In what John sees in this vision, Jesus now looks much like “the Ancient of Days,” God the Father, as described in Daniel 7:9, who had “clothing white as snow, and the hair of His head like pure wool, and fiery flames all around Him.” Compare this description with what is said of the “Son of Man” in Revelation 1:14. That it is Jesus in glory, like His Father, is confirmed in Revelation 1:17-18, where this “Son of Man” speaks and says, “I am the First and the Last, and the Living One. I died , and behold, I am alive forevermore.”

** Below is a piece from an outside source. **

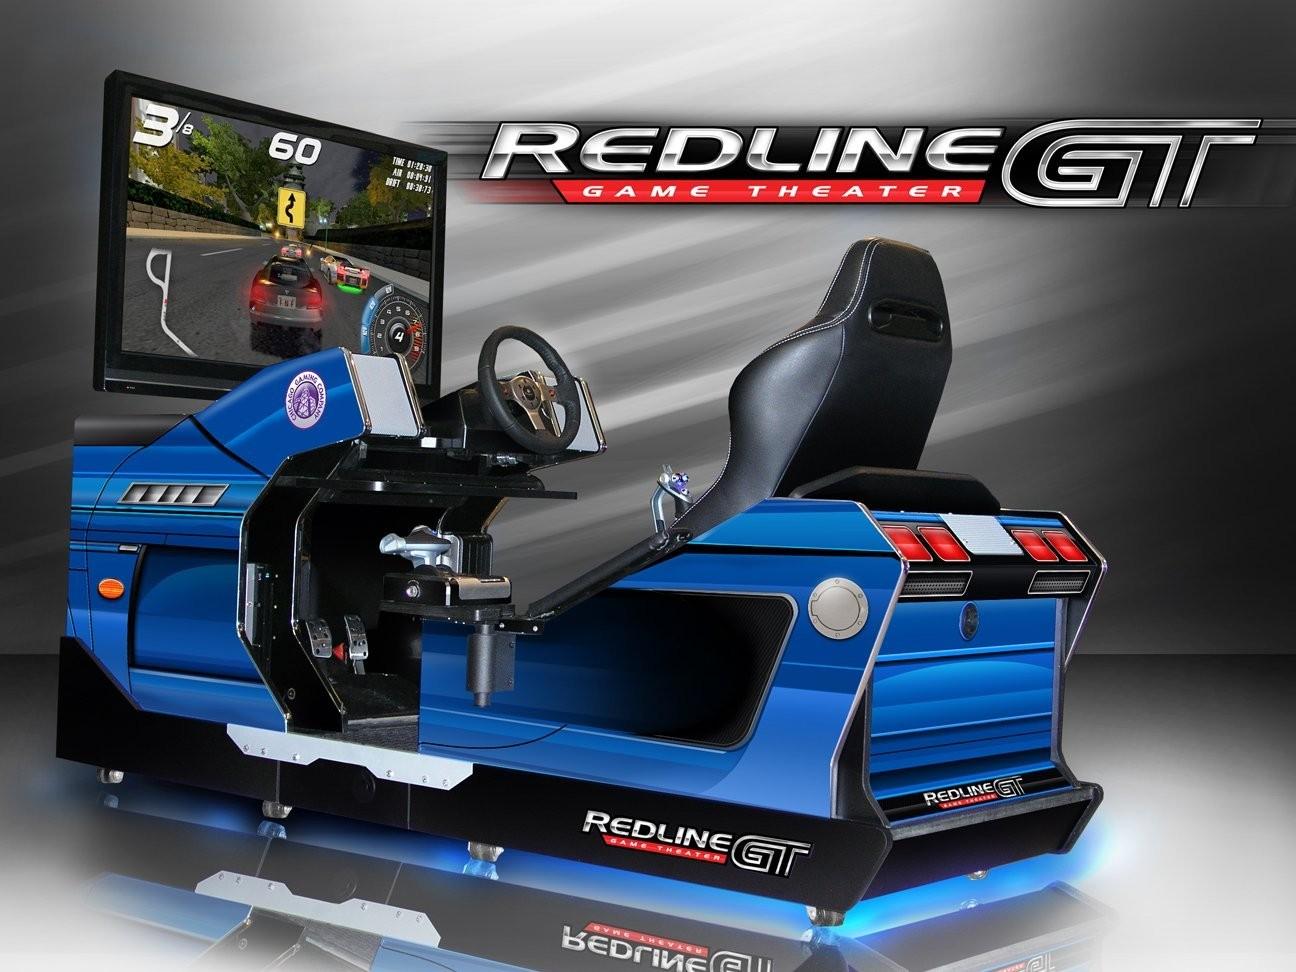 Silla Simulador para Videojuego Chicago Redline GT

There is much more in Revelation chapter one, but we will stop at this point, before this gets too long. Keep reading and be thinking about why God would give this vision to John, for his sake, and to be relayed to the churches, at this particular time. Notice also how Jesus in glory explains the true meaning of at least some of what John sees. What does this tell us about how we should read what is said in Revelation? The Lord’s continued blessings!